#### Your goal:
For the listing below, output exactly the lines from the line with "Iniziare la giornata" up to and including the line with "User-friendly courier app", and no other lines.

Top of Dataset extract

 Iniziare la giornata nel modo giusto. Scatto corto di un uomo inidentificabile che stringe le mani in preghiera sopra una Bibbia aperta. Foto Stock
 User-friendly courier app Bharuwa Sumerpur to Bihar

Bottom of Dataset extract
Top of Dataset extract

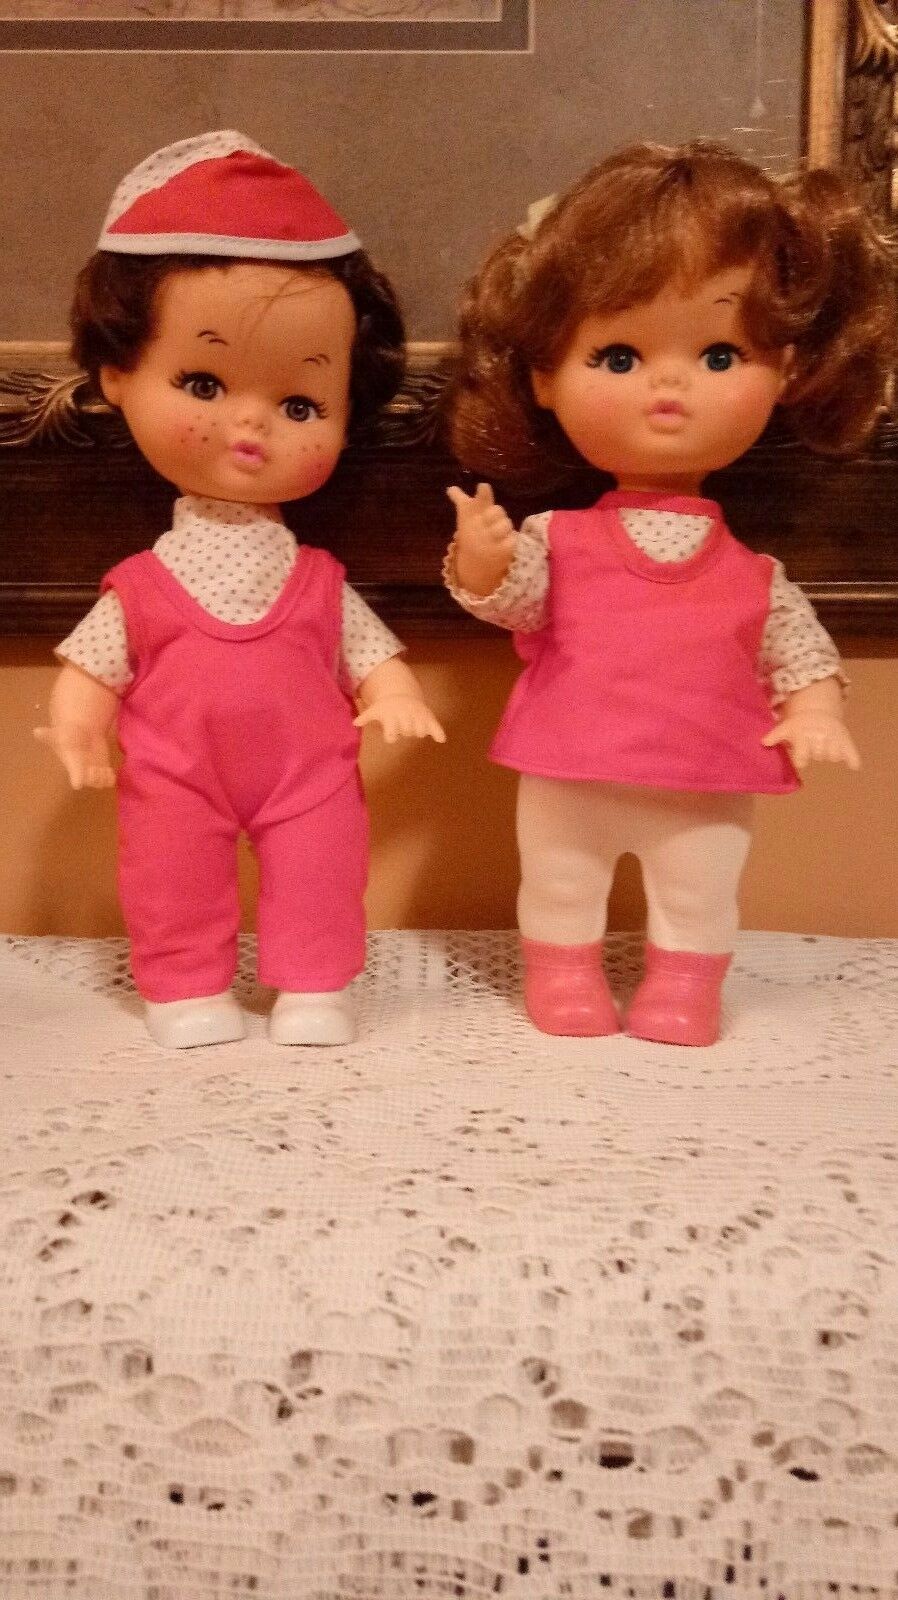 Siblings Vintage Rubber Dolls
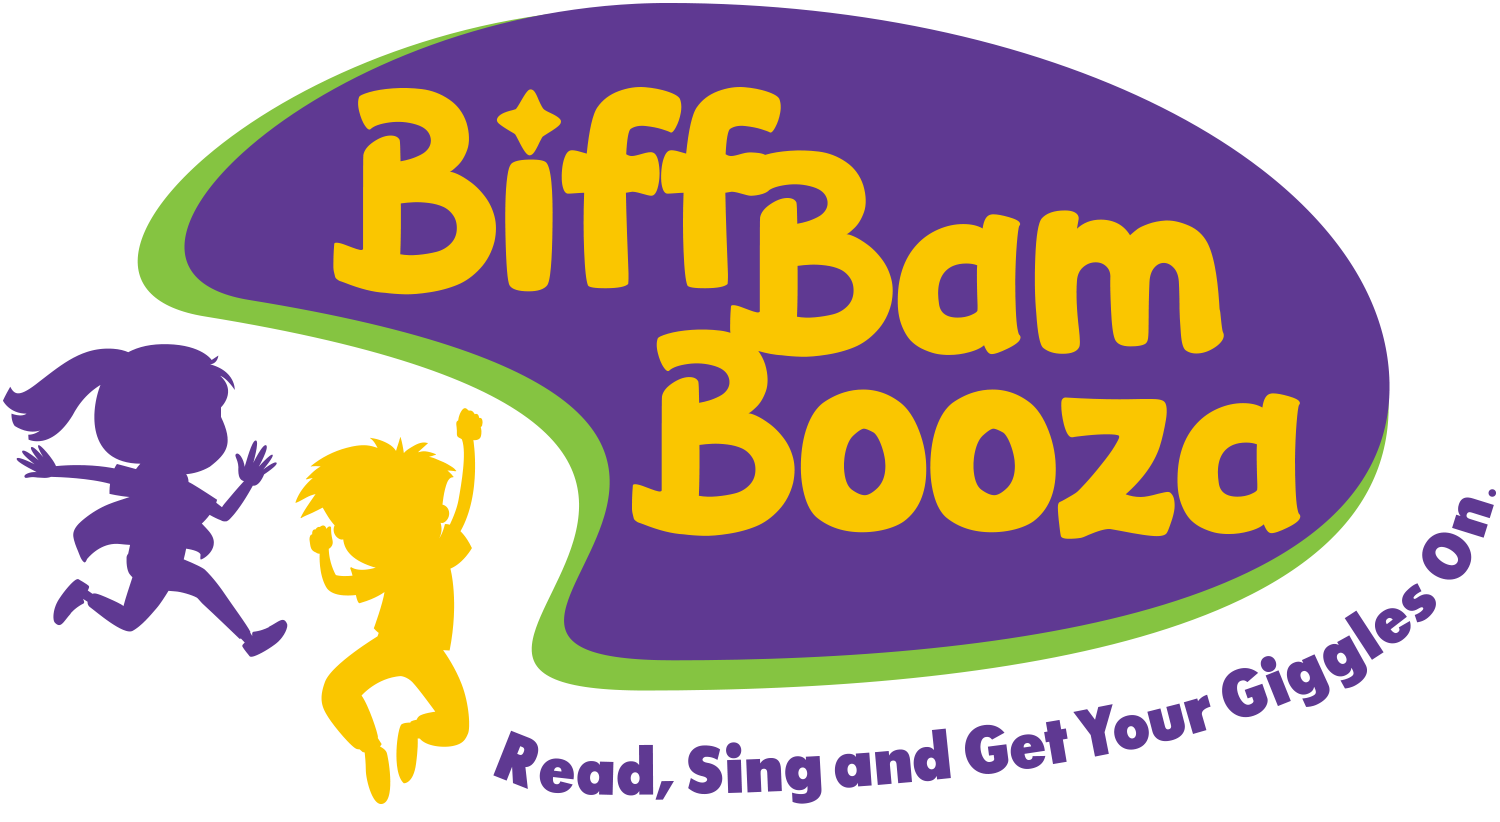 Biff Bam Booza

Bottom of Dataset extract
Top of Dataset extract

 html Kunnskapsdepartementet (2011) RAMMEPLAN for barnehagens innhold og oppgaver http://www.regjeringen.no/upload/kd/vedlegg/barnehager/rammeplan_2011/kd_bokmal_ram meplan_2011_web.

Bottom of Dataset extract

#### Solution for this exercise:
 Iniziare la giornata nel modo giusto. Scatto corto di un uomo inidentificabile che stringe le mani in preghiera sopra una Bibbia aperta. Foto Stock
 User-friendly courier app Bharuwa Sumerpur to Bihar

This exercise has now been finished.